S-adenosyl-l-methionine protection of acetaminophen mediated oxidative stress and identification of hepatic 4-hydroxynonenal protein adducts by mass spectrometry.

Acetaminophen (APAP) hepatotoxicity is protected by S-adenosyl-l-methionine (SAMe) treatment 1hour (h) after APAP in C57/Bl6 mice. This study examined protein carbonylation as well as mitochondrial and cytosolic protein adduction by 4-hydroxynonenal (4-HNE) using mass spectrometry (MS) analysis. Additional studies investigated the leakage of mitochondrial proteins and 4-HNE adduction of these proteins. Male C57/Bl6 mice (n=5/group) were divided into the following groups and treated as indicated: Veh (15ml/kg water, ip), SAMe (1.25mmol/kg, ip), APAP (250mg/kg), and SAMe given 1h after APAP (S+A). APAP toxicity was confirmed by an increase (p<0.05) in plasma ALT (U/l) and liver weight/10g body weight relative to the Veh, SAMe and S+A groups 4h following APAP treatment. SAMe administered 1h post-APAP partially corrected APAP hepatotoxicity as ALT and liver weight/10g body weights were lower in the S+A group compared the APAP group.

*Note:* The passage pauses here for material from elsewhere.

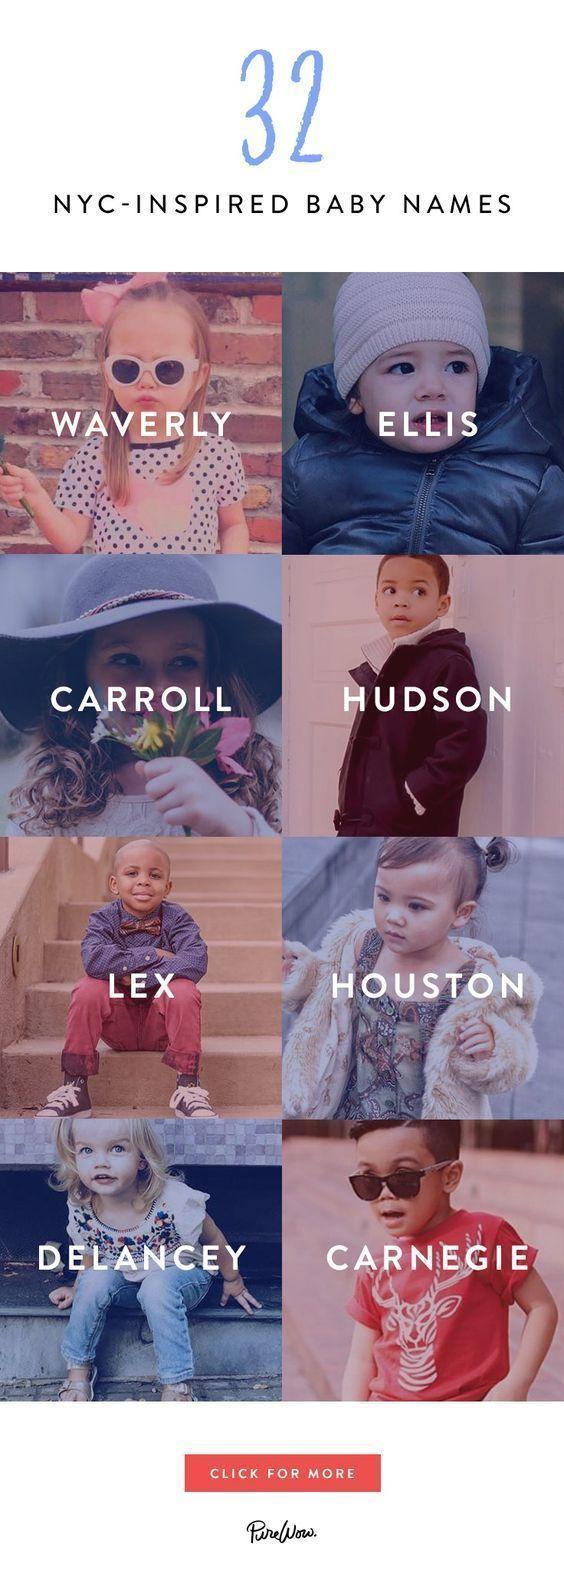 #Baby #baby names uncommon unique #Cute #Names #NYCInspired #words New York #Baby #Cute #Names #NYCInspired #uncommon #Unique #words #York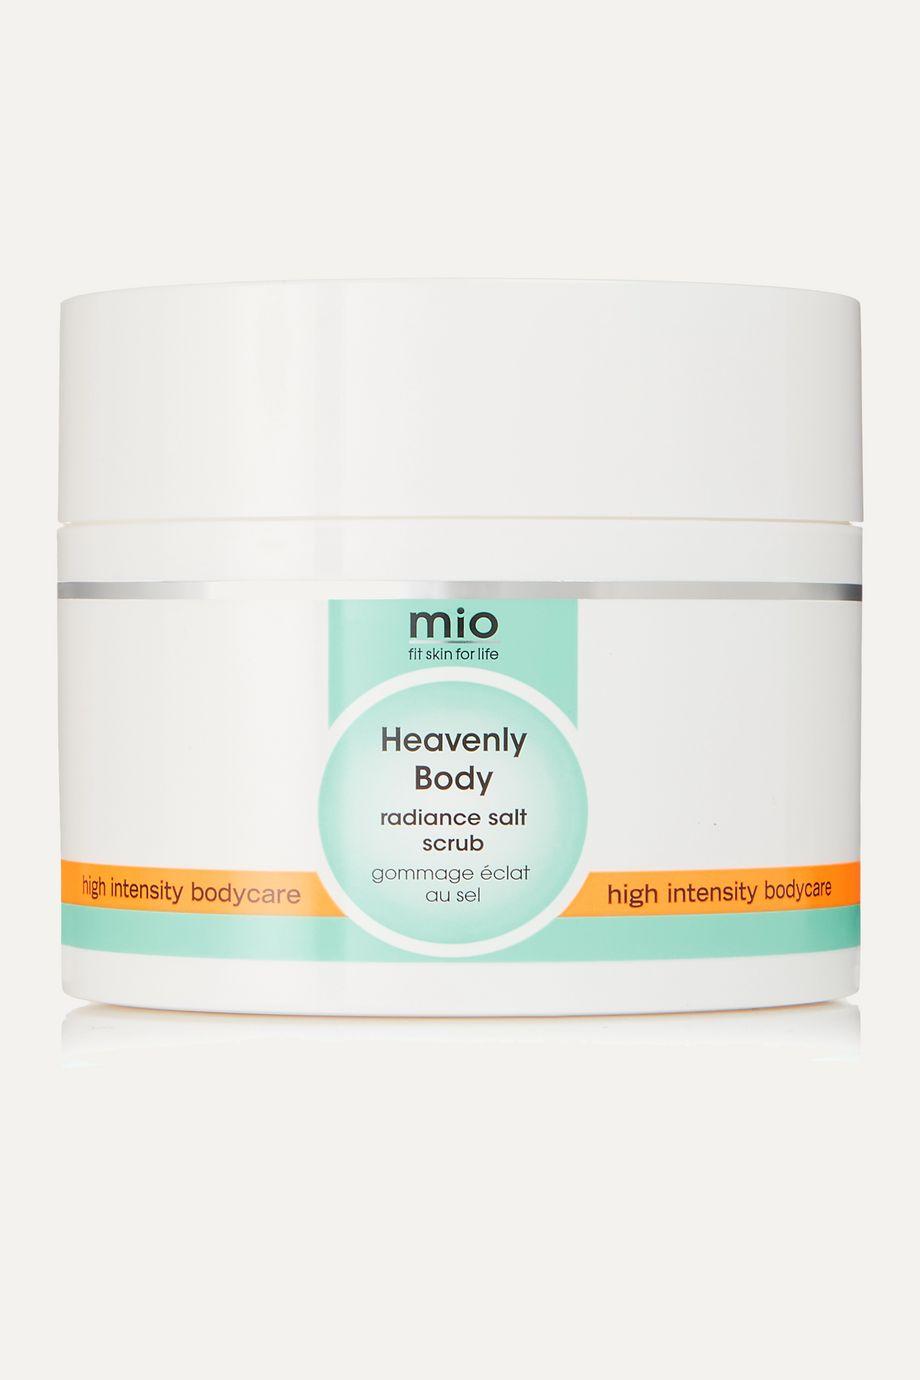 Mio Skincare Heavenly Body Radiance Salt Scrub, 300g

APAP induced leakage of the mitochondrial protein, carbamoyl phosphate synthase-1 (CPS-1) into the cytosol and which was reduced in the S+A group. SAMe further reduced the extent of APAP mediated 4-HNE adduction of CPS-1. MS analysis of hepatic and mitochondrial subcellular fractions identified proteins from APAP treated mice. Site specific 4-HNE adducts were identified on mitochondrial proteins sarcosine dehydrogenase and carbamoyl phosphate synthase-1 (CPS-1). In summary, APAP is associated with 4-HNE adduction of proteins as identified by MS analysis and that CPS-1 leakage was greater in APAP treated mice. SAMe reduced the extent of 4-HNE adduction of proteins as well as leakage of CPS-1.